Now, I recognize that the average solo developer or someone at a small company isn't realistically going to "adopt AG-UI" and suddenly "decouple their frontend from their backend." All this would require significant architectural decisions, buy-in from multiple teams, and resources most people don't have.
But understanding AG-UI matters even if you're not implementing it. When you're evaluating agent frameworks or deciding whether to build in-house or use a platform, knowing what "good" agent-UI communication looks like gives you better judgment. You'll recognize when a tool is forcing you into brittle patterns.
If you want to dive deeper into building these systems, check out our Introduction to AI Agents and Building Scalable Agentic Systems courses to take your skills to the next level.
Data Engineer with Python and Azure cloud technologies expertise, specializing in building scalable data pipelines and ETL processes. Currently pursuing a B.S. in Computer Science at Tanta University. Certified DataCamp Data Engineer with demonstrated experience in data management and programming.
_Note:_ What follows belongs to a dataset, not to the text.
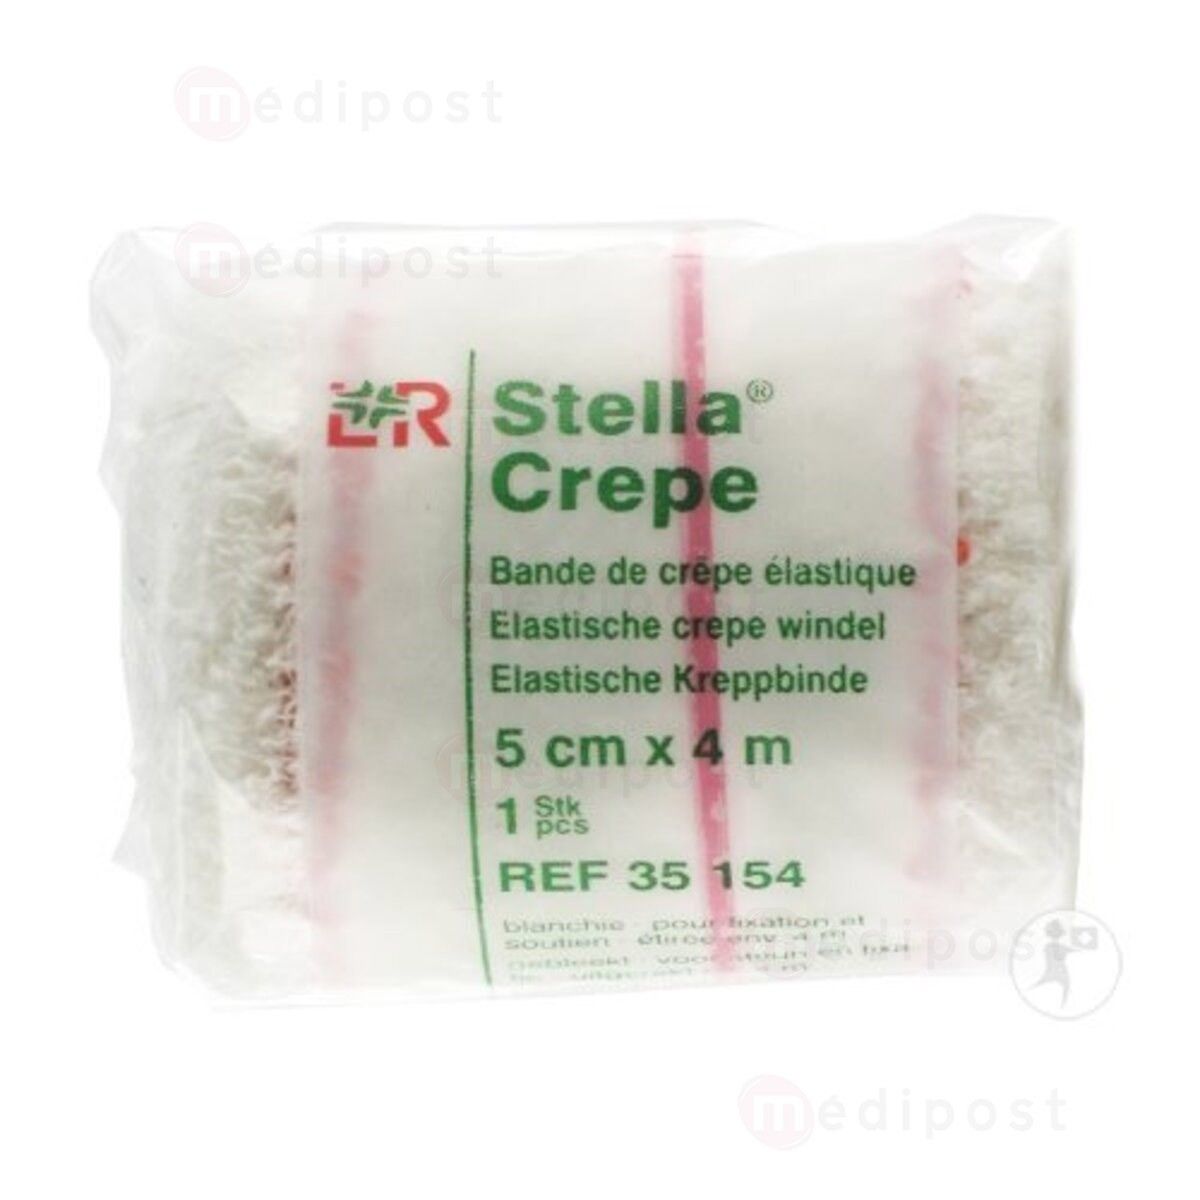 Stella® Crepe Bande de crêpe élastique 10 cm x 4 m 1 pc(s

Former Microsoft Data Engineer Intern at Digital Egypt Pioneers Initiative and Microsoft Beta Student Ambassador leading technical workshops and organizing hackathons.
AG-UI FAQs
Does streaming really make the agent faster?
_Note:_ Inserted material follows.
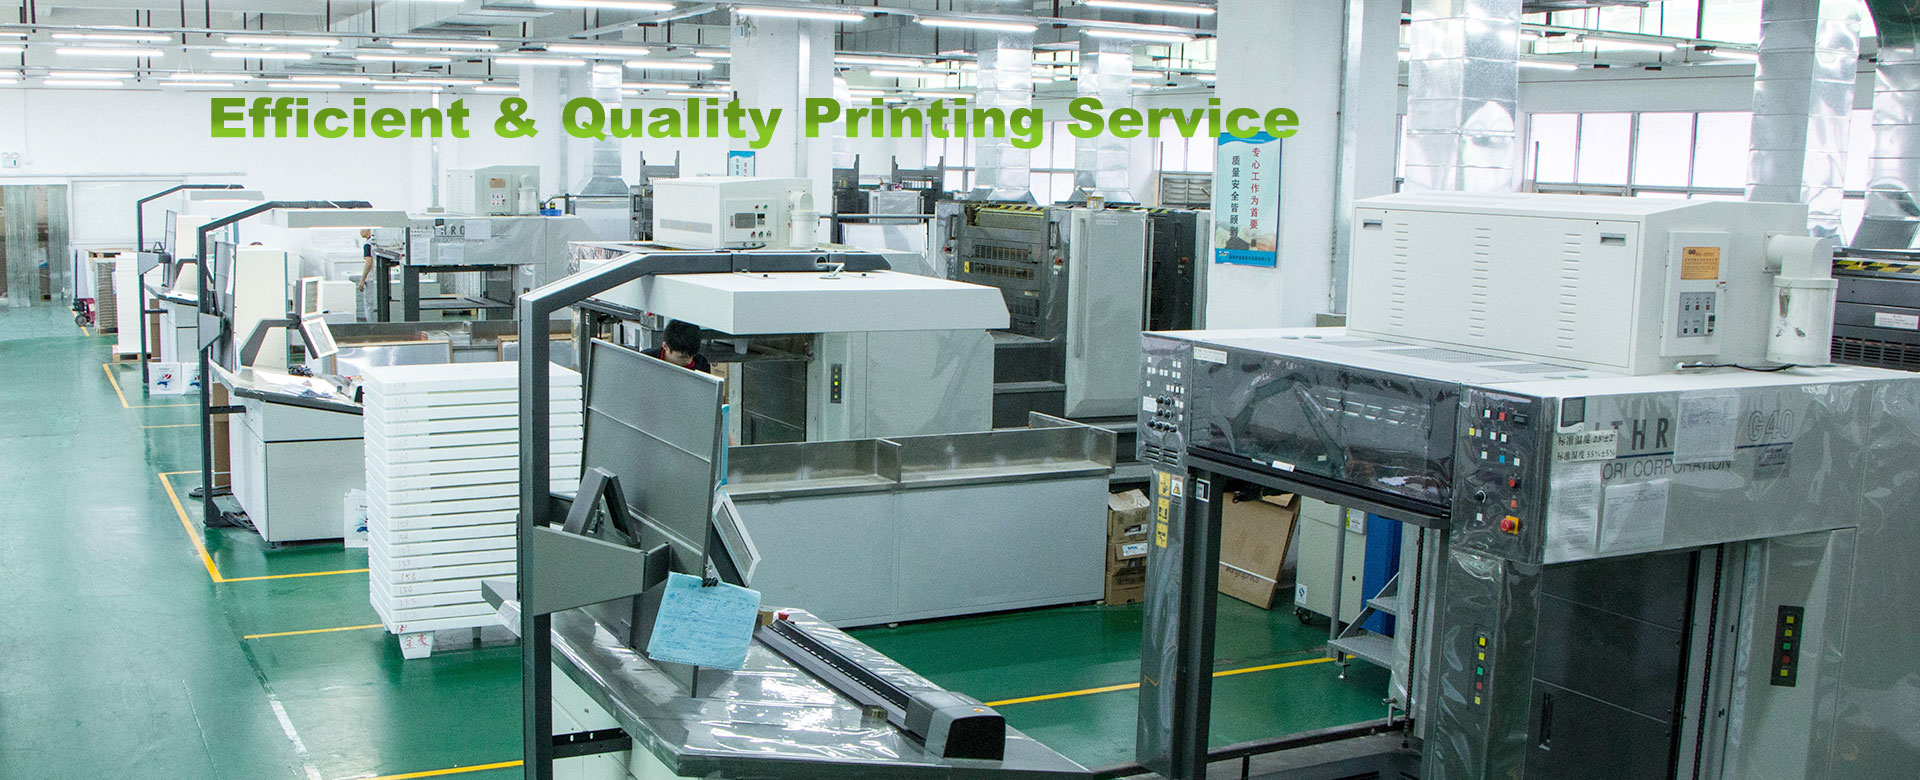 카탈로그 인쇄 제조업체

It doesn't make the AI think faster, but it makes it feel faster to the user. Seeing the first word appear in 200ms keeps people engaged, even if the full answer takes ten seconds. It is a psychological trick as much as a technical one.
What happens if I want to add voice support later?
You are already halfway there. Because AG-UI separates the content from the display, you can just plug in a Text-to-Speech service to read the TEXT_MESSAGE_* events as they arrive. The protocol handles the data flow; you just choose how to render it.
Is this hard to debug if something breaks?
Actually, it can be easier than traditional code. Since everything is an event, you can literally "replay" a bug. If a user reports a crash, you just grab their event log and run it through your dev environment to see exactly what happened.
Am I locked into a specific vendor with this?
No, and that is the best part. AG-UI is an open standard, not a product. You can switch your backend from LangChain to Microsoft Semantic Kernel without rewriting your frontend connection logic.
How do I handle updates to the protocol?
The protocol uses semantic versioning. Most libraries are built to be forward-compatible, meaning if the server sends a new event type your client doesn't know, it will usually just ignore it rather than crashing.
Can I run AG-UI agents locally without a cloud backend?
Absolutely. AG-UI is just a communication pattern, not a service. You can run both the agent and the frontend on your laptop if you want. Some developers use this for offline demos or privacy-sensitive applications.
What if my server is slow and events take forever to arrive?
The beauty of streaming is that slow is better than frozen. Even if your agent takes 30 seconds to finish, the user sees progress every few hundred milliseconds. Compare that to a REST call where they stare at a spinner for 30 seconds and assume it crashed.
Can multiple users talk to the same agent at once?
Yes, but you need to handle session isolation. Each user gets their own event stream (usually tied to a session ID or WebSocket connection). The agent can serve hundreds of users simultaneously, just like a web server handles multiple HTTP requests.
How do I prevent someone from spamming my agent with requests?
Standard rate limiting applies here. Your trusted frontend server should throttle requests per user (e.g., max 10 messages per minute). Since AG-UI runs over HTTP or WebSockets, you can use the same tools you already use for API rate limiting.
How do I write automated tests for an AG-UI agent?
You can mock the event stream. Record a real session's events to a file, then replay them in your test suite to verify your frontend handles them correctly. It is like snapshot testing, but for conversations instead of UI components.